German military officer (1878–1945)

Gustav Adolf von Wulffen (18 April 1878 – 4 May 1945) was a highly-decorated German military officer who fought in both world wars. In the First World War, he was decorated with the highest Prussian decoration for bravery, the Pour le Mérite. In the interwar years, he joined the Nazi Party and rose to become an SS-Brigadeführer in the Allgemeine SS and a Generalmajor in the Wehrmacht. He was killed in combat in the final days before Germany's surrender in the Second World War.

== Early life and education ==
Wulffen was born on April 18, 1878, in Gotha as the son of Imperial German Army Generalleutnant, Gustav Adolf Alexander Ferdinand von Wulffen and his wife Klara Wilhelmine Christiane Hauff.

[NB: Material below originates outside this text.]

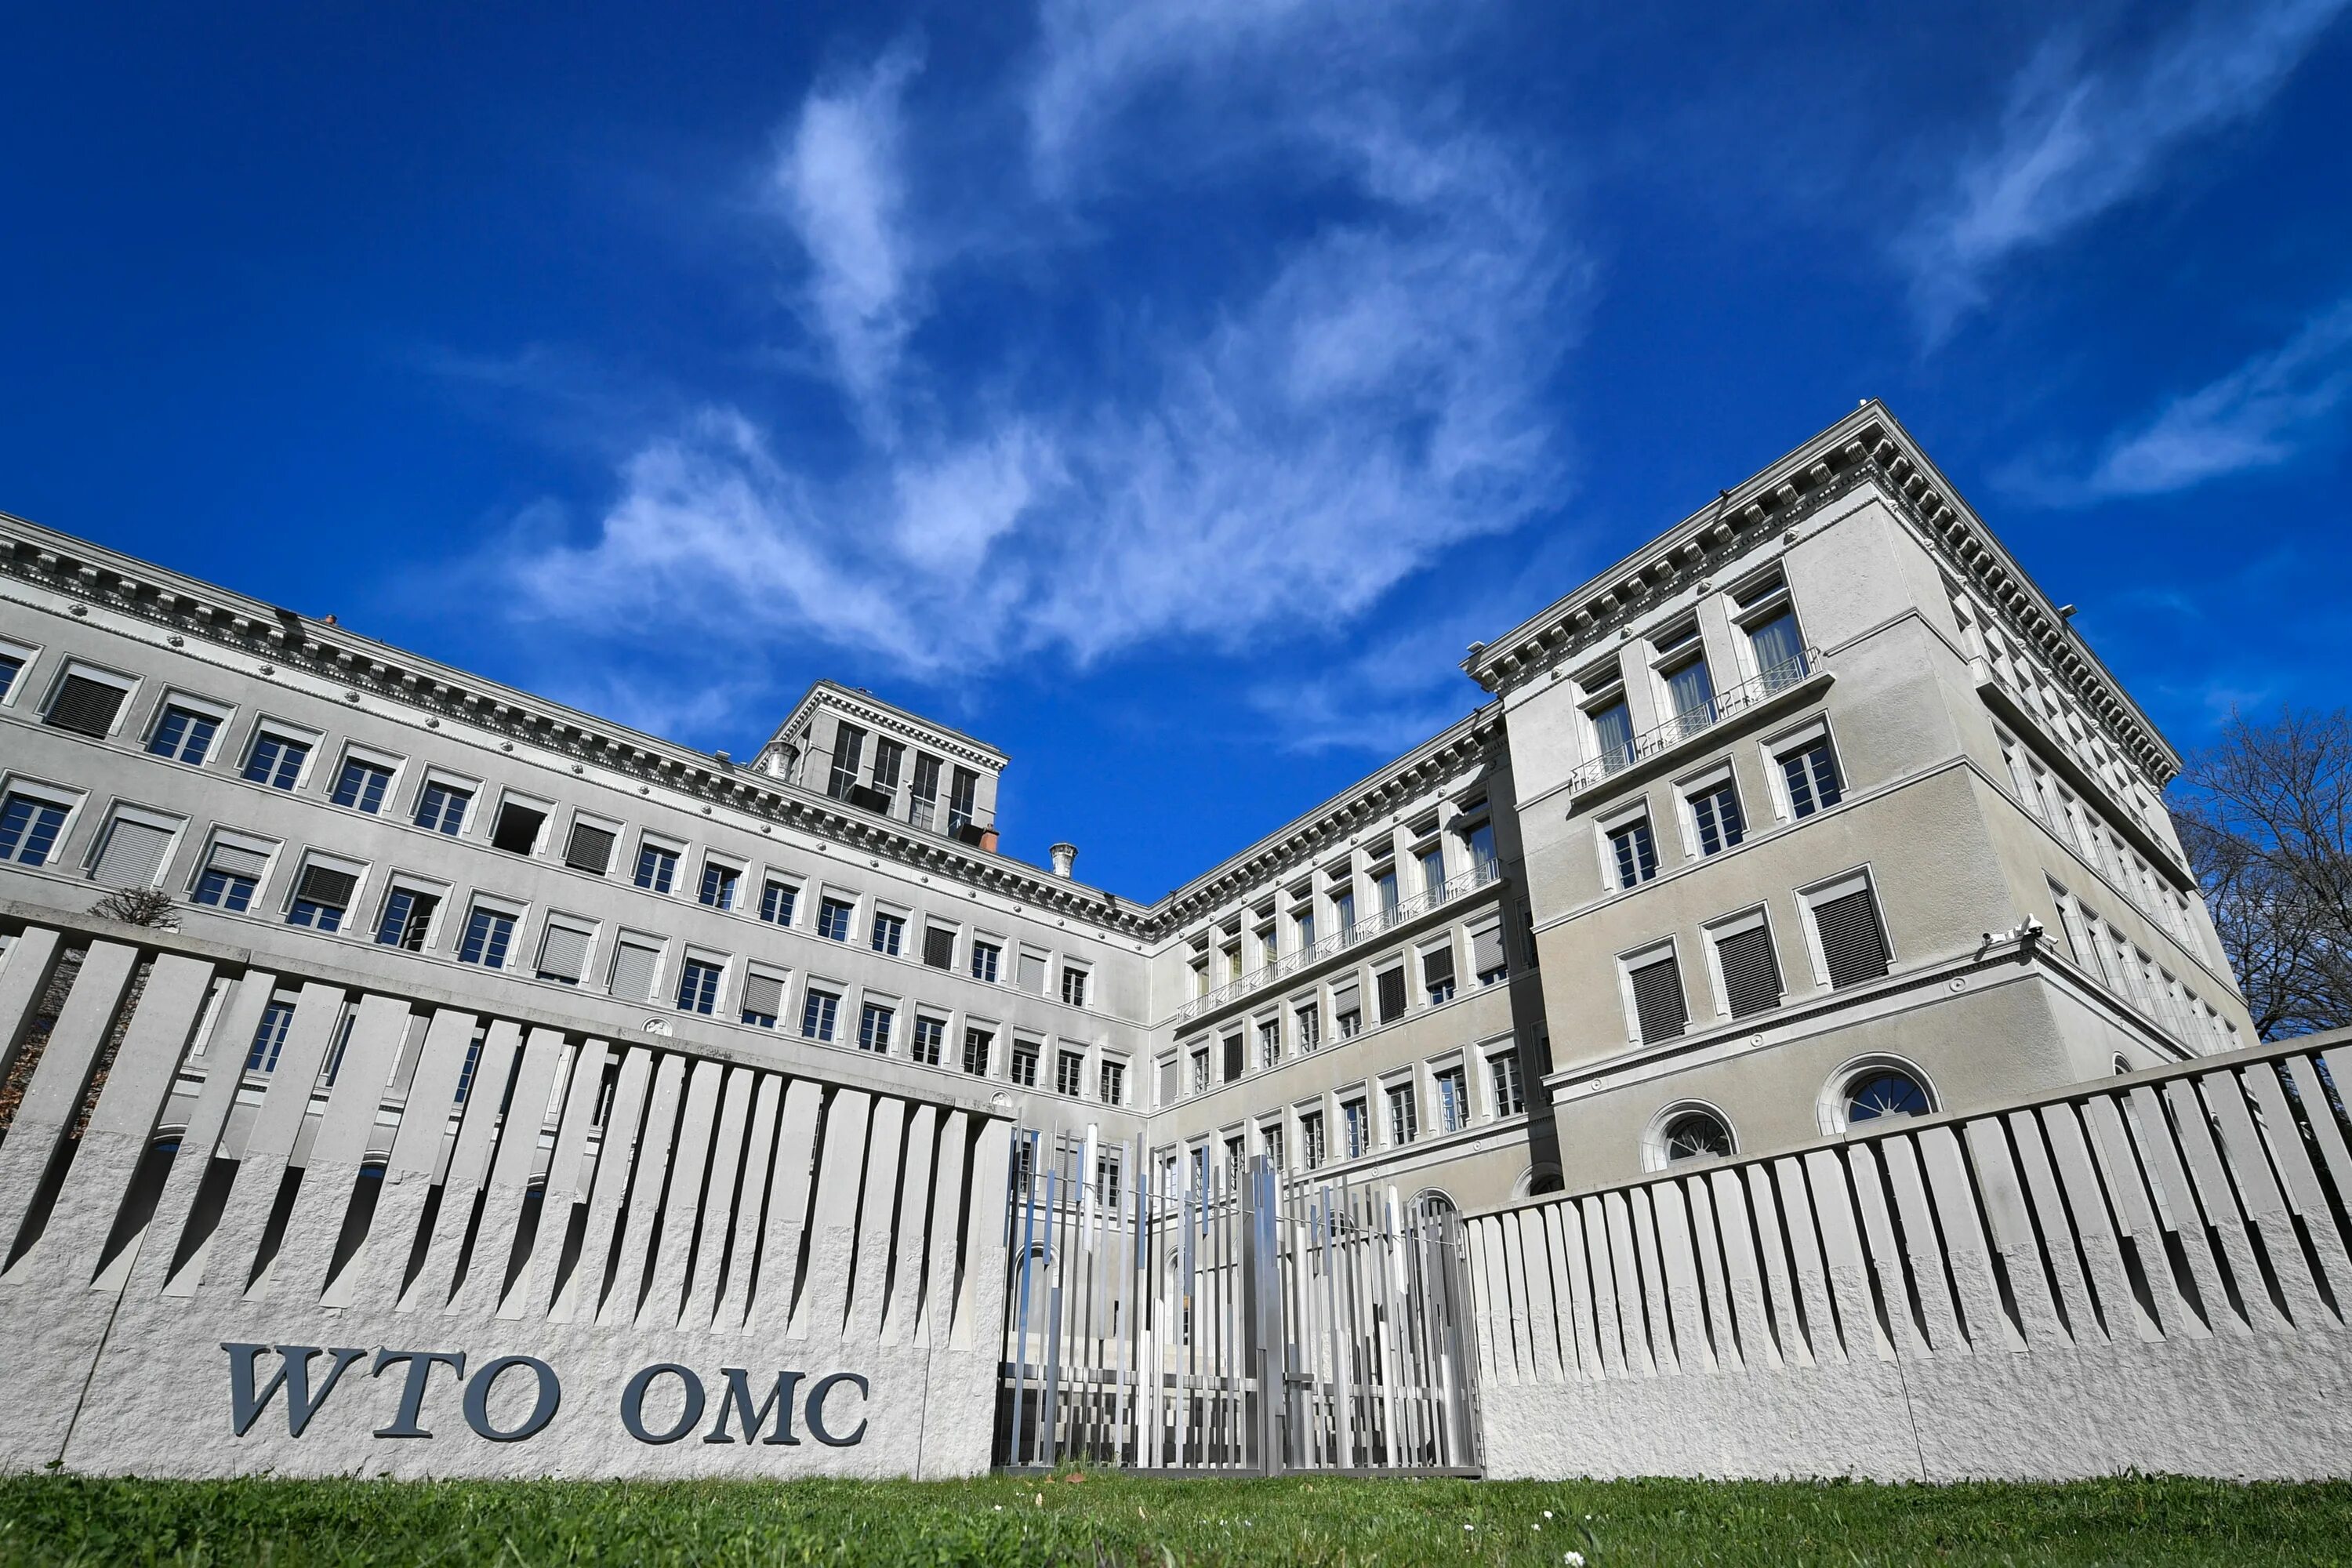 Вто оон. Штаб квартира ВТО В Женеве. Здание ВТО Женева. ВТО Женева Швейцария. Штаб-квартира ВТО расположена в Женеве, Швейцария.

He studied at the Gymnasium in Meiningen, Darmstadt and Frankfurt am Main, and was sent to the military school for boys in Potsdam in March 1891. Wulffen later attended the Preußische Hauptkadettenanstalt, the main Prussian military academy at Groß-Lichterfelde in Berlin. He graduated in March 1897 and was commissioned as a Leutnant in Infanterie-Regiment "Graf Bose" (1. Thüringisches) Nr. 31.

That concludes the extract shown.